In an incredible experiment, researchers were able to simulate the molecular behavior of 3D printing resins.
Specifically, the researchers at Lawrence Livermore National Laboratory (LLNL) were able to examine the molecular bonding of several acrylate resins.
Acrylates are typically used in commonly available photopolymer resins. These have the unique property of solidifying when exposed to specific frequencies of light energy. In a resin 3D printer, this is done with lasers, LEDs or projectors.
In their paper, ”On the Network Topology of Crosslinked Acrylate Photopolymers: A Molecular Dynamics Case Study”, the researchers say:
“By employing the same force field and reactive scheme and studying three representative multifunctional acrylate monomers we isolate the importance of the nonreactive moieties within these model monomers. Analyses of reactive trajectories benchmark the estimated gel points, cyclomatic character, and spatially-resolved crosslinking tendencies of the acrylates as a function of conversion. These insights into the similarities and differences of the polymerization and resulting networks suggest molecular mechanics as a useful tool in the rational design of photopolymerization resins.”
They’re using advanced particle dynamic simulation methods to observe how a given chemical formula will react. Their simulation involved a virtual cube of monomers of either 512 or 2000 “molecules”. This complex process involved simulating local ordering, structure and dynamics of each monomer as it polymerized.
At top you can see an image of the simulated polymerization that took place. In the time sequence, the blue liquid resin gradually polymerizes into red material.
I believe this be a significant breakthrough for the 3D printing industry, as it opens the door for the development of incredibly more powerful resin materials.
Essentially they’ve developed a way to computationally design and test potential resin materials. This could be vastly more efficient than physical experimentation.

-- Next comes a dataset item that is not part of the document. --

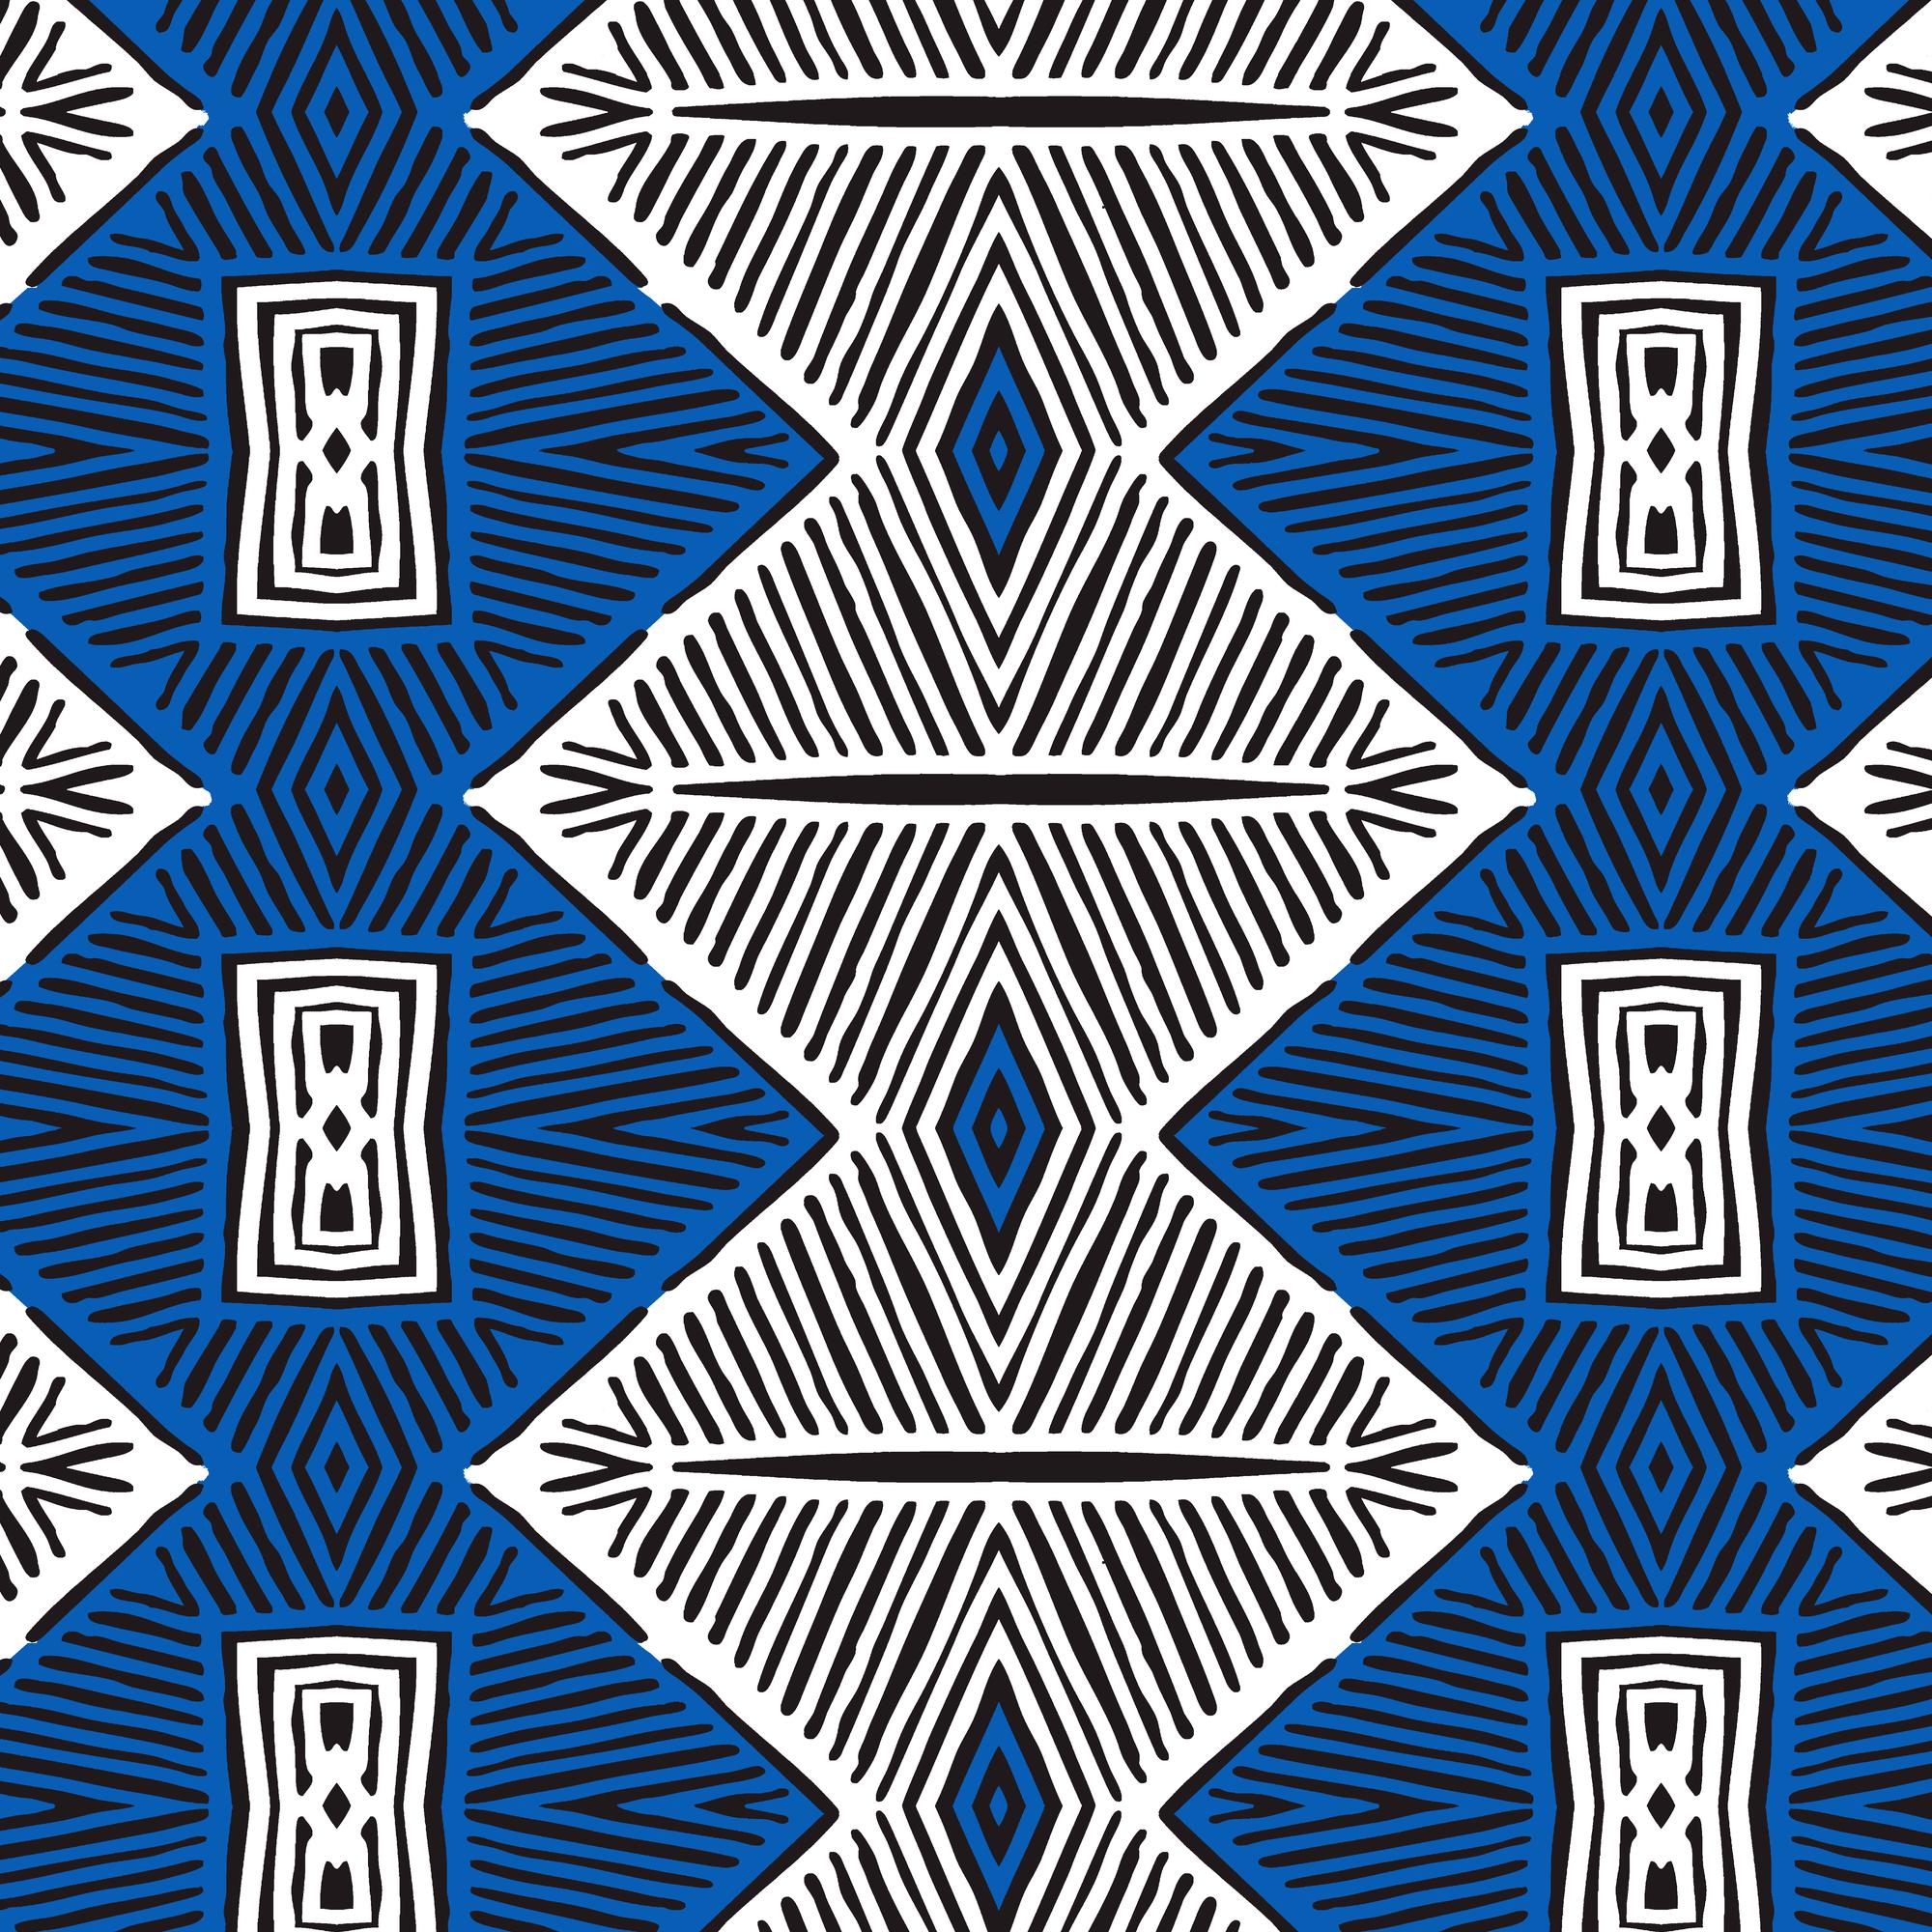 Morogoro in Blau-Weiß mit Muster | Kollektion Tansania IN&OUT

Imagine a future system in which you provide some input parameters of the desired resin and then you let the machine churn through endless possibilities to eventually identify a chemical formula that meets those requirements.
If this type of system were to become available there might be a tidal wave of customized resins with all manner of unusual properties suddenly available.
That could greatly assist the development of new 3D printing processes that are based on resin materials. One that specifically comes to mind is volumetric 3D printing, a new approach in which a cylindrical vat of clear resin is transformed into the desired object all at once. This startling technology is not yet available, but several parties are deep at work on it.
It’s quite likely their approaches could be helped or even enabled by a simulated resin formula that optimizes for their requirements.
We may see not only new resins, but new 3D printing processes emerge as a result of this research.